Память близких. Шаг тишины. Юрий Андрианов

Вячеслав Киктенко
ШАГ ТИШИНЫ


Более четверти века шёл Юрий Андрианов до книге избранных стихотворений. Точнее это было бы назвать «Предварительное избранное», и попробовать подвести предварительные итоги. Что и попытаюсь сделать, перечитывая стихи своего старинного друга, собранные наконец под твердой обложкой, изданные очень изящной книгой, изданные с настоящим полиграфическим вкусом и пониманием читательского восприятия поэзии (именно поэзии, а не прозы, публицистики, критики 
и т.д., и пр.,  пр., пр.). 
Уже в самых первых, ранних своих стихах Юрий Андрианов, несколько даже педалируя желаемую тональность, старался донести до читателя образ «активного» человека, «человека-борца», человека очень неравнодушного к любому проявлению жестокости, несправедливости, и декларировал это весьма недвусмысленно, открытым текстом:
«Слышу крик матерей: «Не смей!»
Слышу горе горящих изб,
Чёрный час над землей моей
Закружился, как чёрный лист…»
Это отголоски после прочтения (и про-чувствования) великого «Слова о полку Игореве». Стихи подобного рода и на эту же тему были в юности, наверное, почти у каждого русского поэта. И осталось бы это стихотворение в бесконечном «почётном» ряду благодарственных посланий потомков великому безымянному автору, кабы не одна, скажем мягко, странноватая нота, выбивающаяся из всего образного строя стихотворения и звенящая неотвязным, нерифмованным рефреном после каждого рифмованного четверостишия:
«И только колос одинокий рос,
И только голос одинокий пел…»
Вот именно этот «одинокий голос» и стал пробиваться с годами всё чаще и отчётливее в лирике поэта. И моя задача теперь состоит в том, чтобы прояснить для себя самого (а может быть, и для автора) что же является основным жизнетворящим истоком во всей его поэтике.
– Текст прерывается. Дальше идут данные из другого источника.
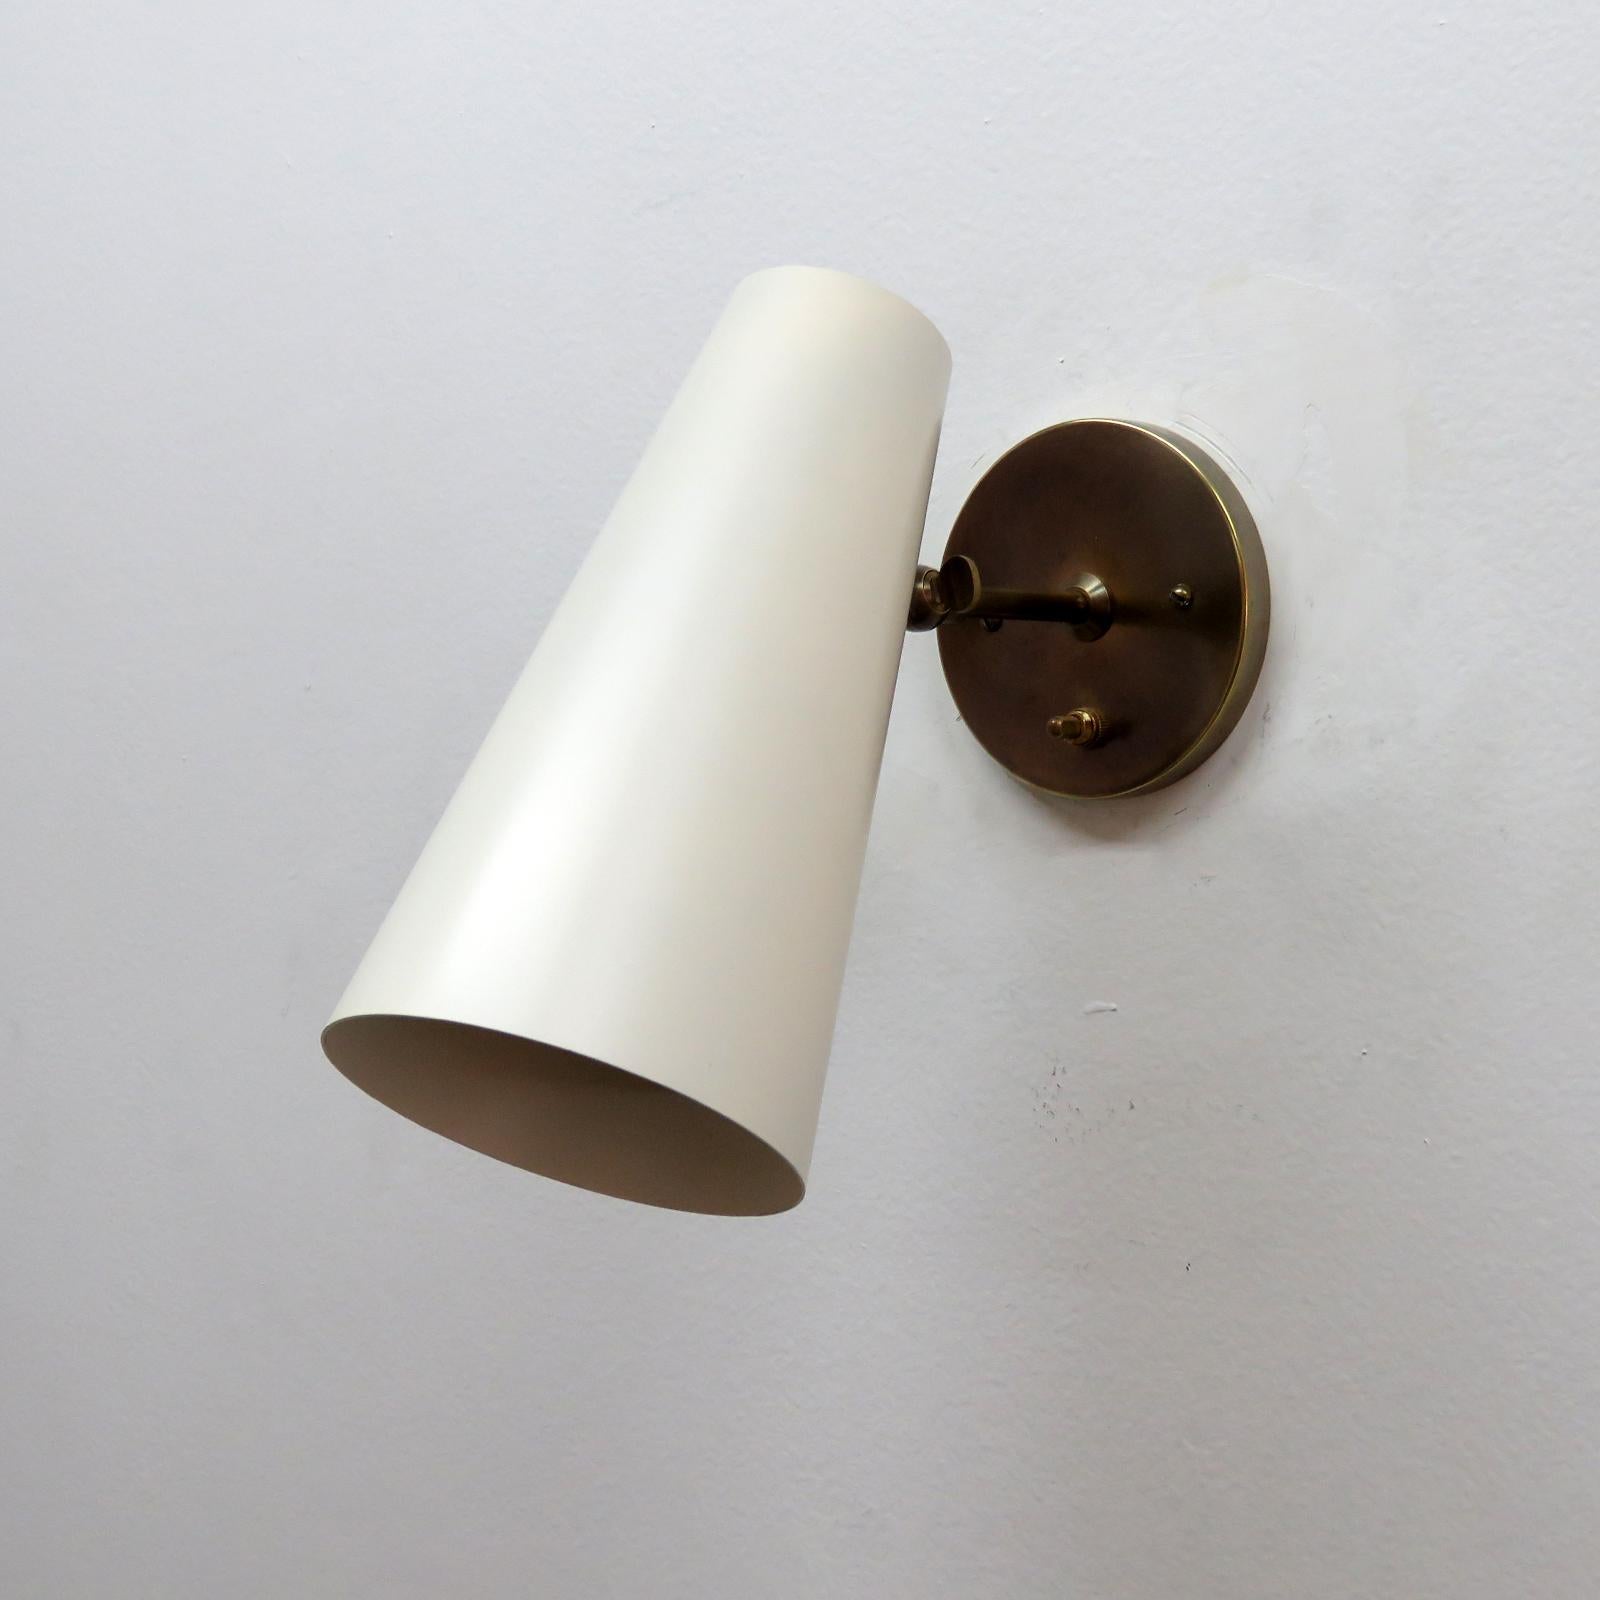 Elegant articulate 'Copa' wall lights designed by Gallery L7, handcrafted and finished in Los Angeles from American brass with an eggshell colored aluminum cone on aged brass hardware, the angle of the cone can be adjusted, individual on/off switch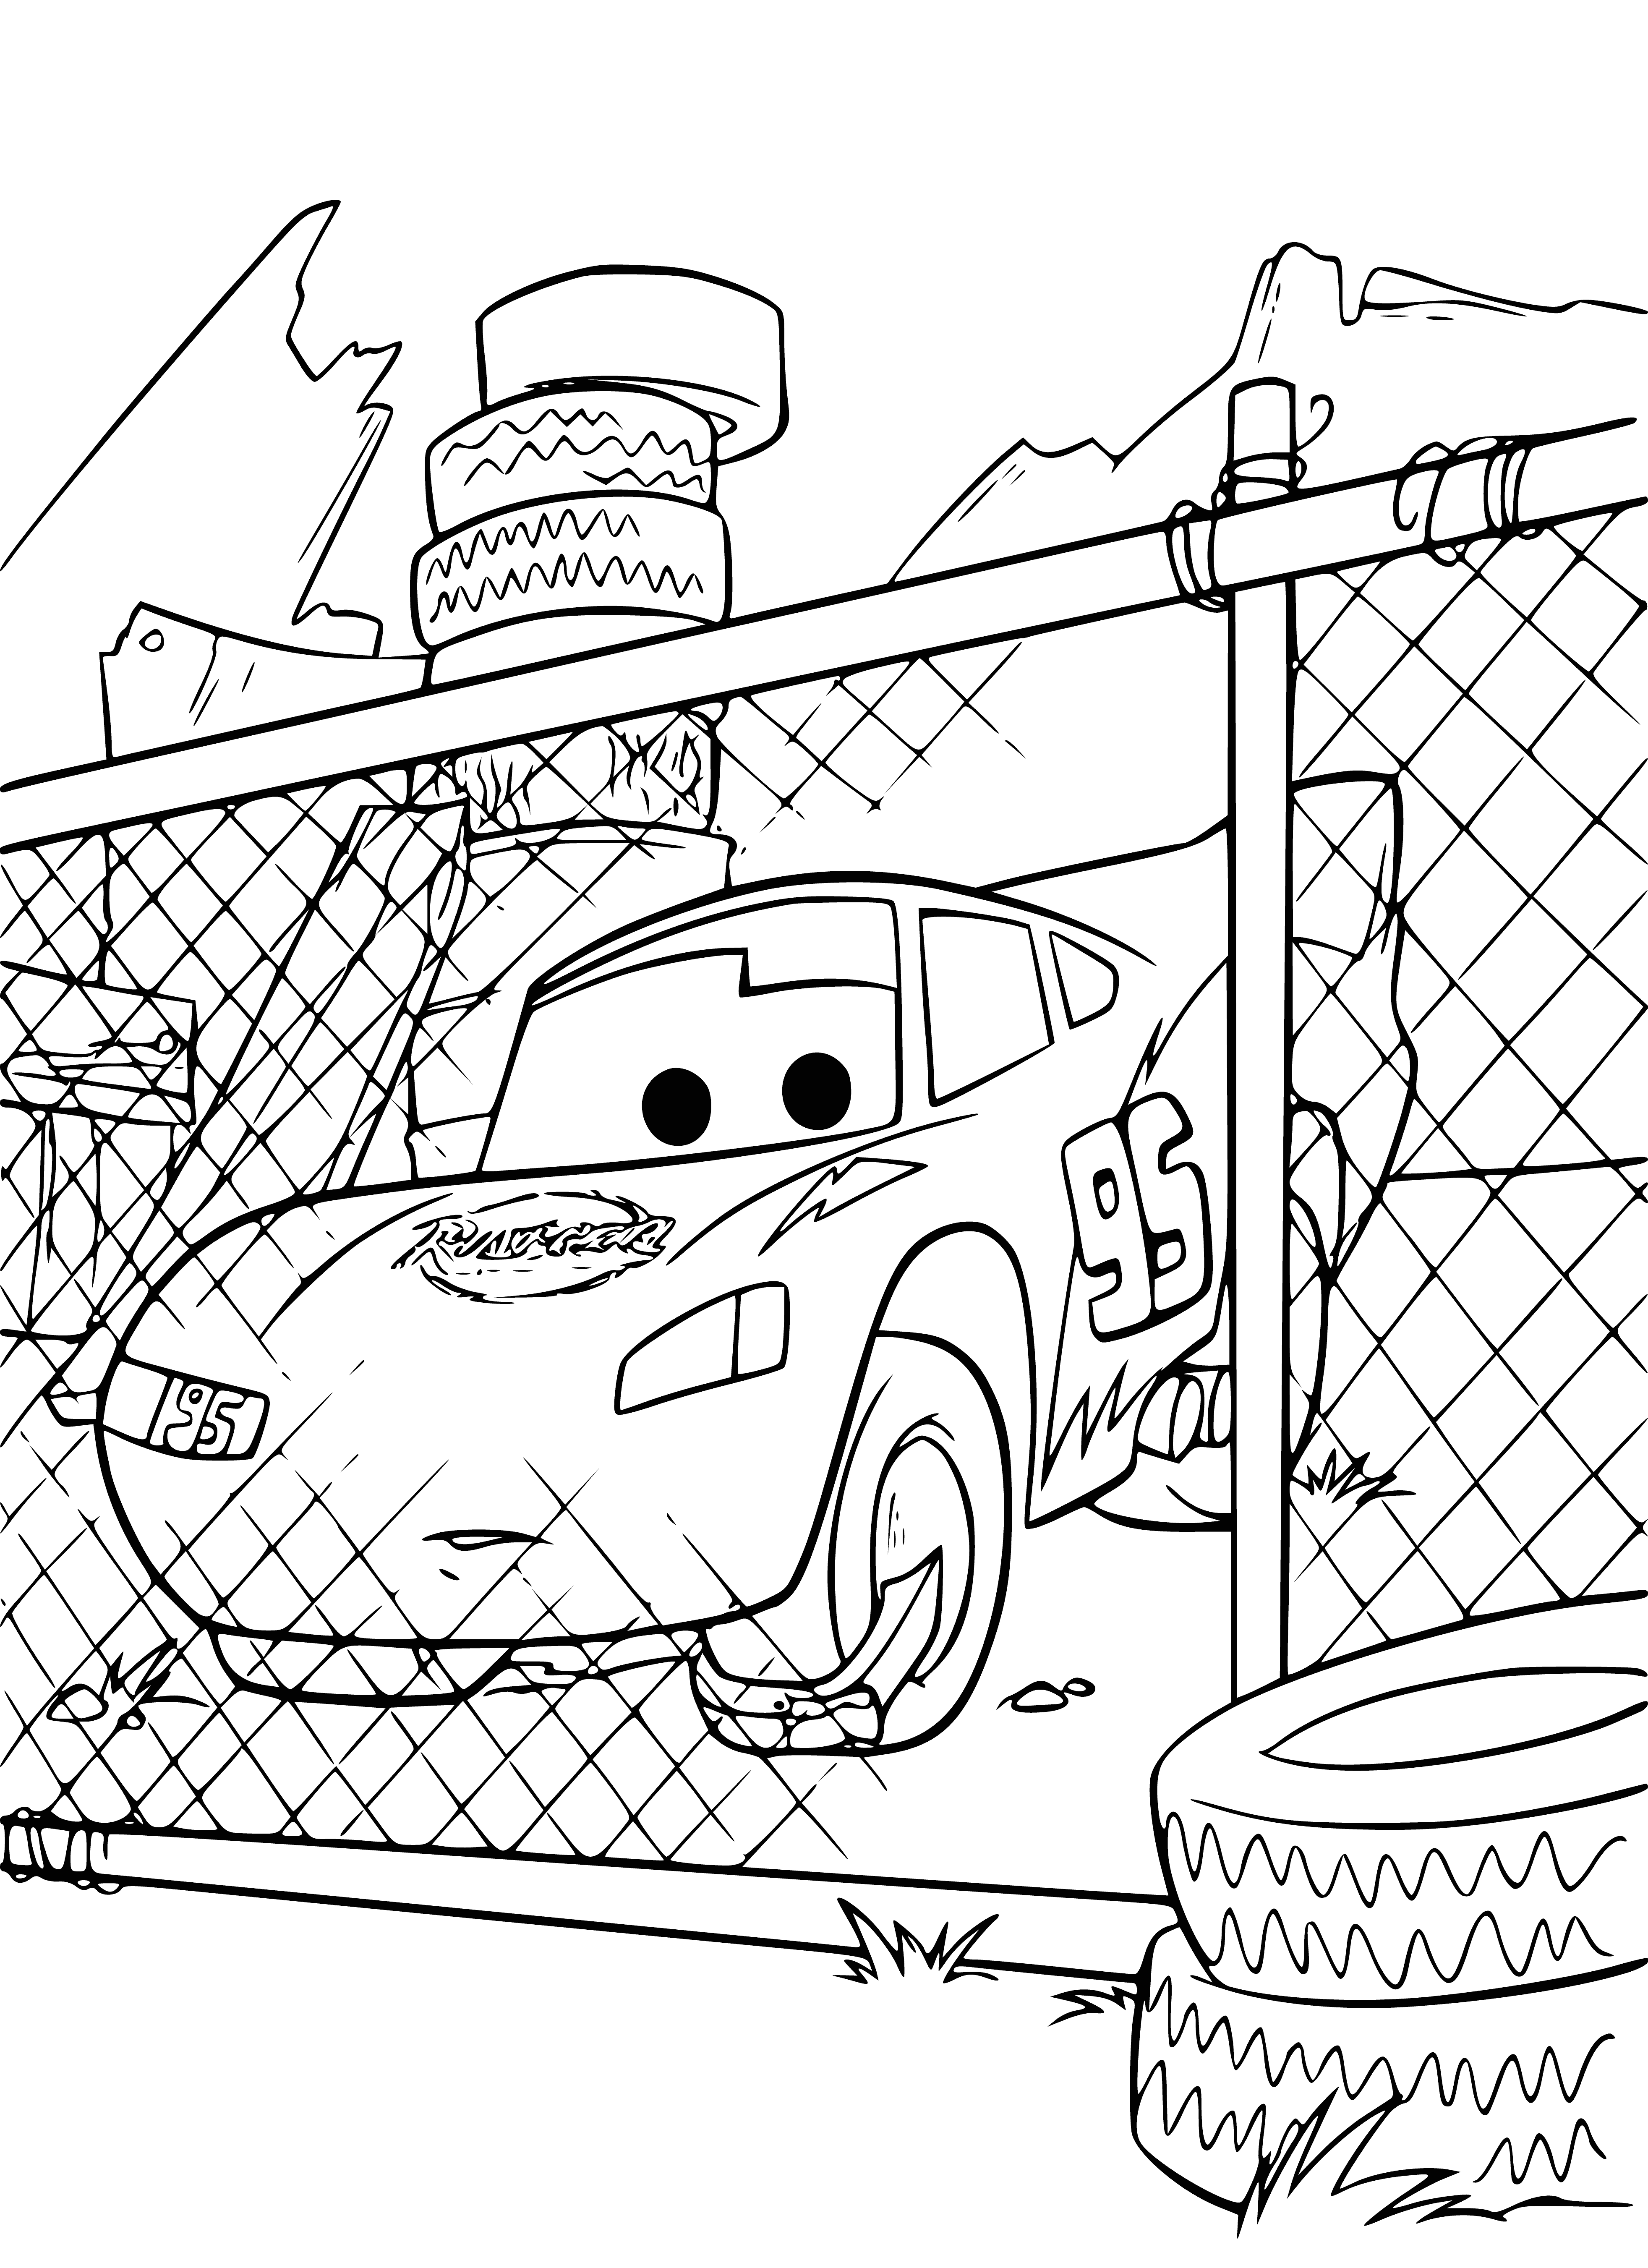 coloring page: Officer arresting person in car, placing hand on shoulder & asking them to exit; person appears to be complying.

С годами Юрий Андрианов вовсе не изменился в своей «родовой» сущности и творческой установке, что говорит не только о верности изначально выбранному пути, но также о мучительных поисках и обретениях себя в безбрежном море поэтических голосов, интонаций, позиций.  С годами голос просто окреп, и отчетливее стало проступать главное
(на мой, повторяю, взгляд) мирообразующее, миродвижущее качество поэта. То есть, с годами яснее проявляется, как на фотонегативе, тайное тайных всякой души,
а поэтической в особенности.
Не без некоей доли мистики я словно бы вижу это, вижу как шаг за шагом поэт движется сквозь воронки и завихрения, сквозь бури этого мира (очень шумного мира!) к центру самого циклона, где – тишина и покой. Именно тишина для этого русского поэта, христианина по вероисповеданию, является истинной жизнедательницей, так же, как для буддиста, к примеру – «великая пустота», из которой рождается всё.
Но тишина эта многолика, ещё неверна изначально главному, хоть и отчетливо зрима, порою осязаема физически, как, например, в мгновенно схваченном пейзаже:
«Осень. Улицы холодом дышат.
Люди расходятся – по одному!
И на газонах, как жёлтые мыши,
Листья грызут тишину».
Тишина эта, повторяю, обманчиво-вкрадчива, и только мучительно влечёт к себе, не обещая блаженного предела покоя в жестоко очерченном круге самости, поскольку просто не отыскано ещё возможности выпутаться из томительной, ежесекундно налипающей паутины личностности, закланности миру не только бренного тела, но и грешной души:
«Смотрю ли вдаль вечернею порой,
Прислушаюсь ли к тихим окнам веси,
На небо ли взгляну – везде покой,
А всё душа как будто не на месте».
И не оттого ли, уже в другом стихотворении, возникают страшные, как приговор всей русской доле, слова:
«На Руси от тоски умирали
Чаще, чем от удара в грудь…»
И не оттого ли единственной, быть может, опорой души и даже тварного мира становится незримое, но страшно прочное в осенней своей обнажённости нечто, что можно было бы назвать, попристальнее вглядевшись, началом Тверди:
«Две ночи, две жизни подряд
Не спится, не верится в звёзды,
Лишь мёрзлые листья стоят,
Во сне опираясь на воздух…»
Опора только на воздух, только на незримое, да и то – лишь во сне – оказывается в мгновения отчаянной тишины и отчаянной же промытости зрения истинной опорой. То, чего не дано увидеть повседневным взглядом, в минуты поэтического (о религиозном мы здесь говорить не станем) откровения становится единственной твердью, а всё остальное – только лишь опирается в своей беззащитности и беспомощности на эту проступившую твердь.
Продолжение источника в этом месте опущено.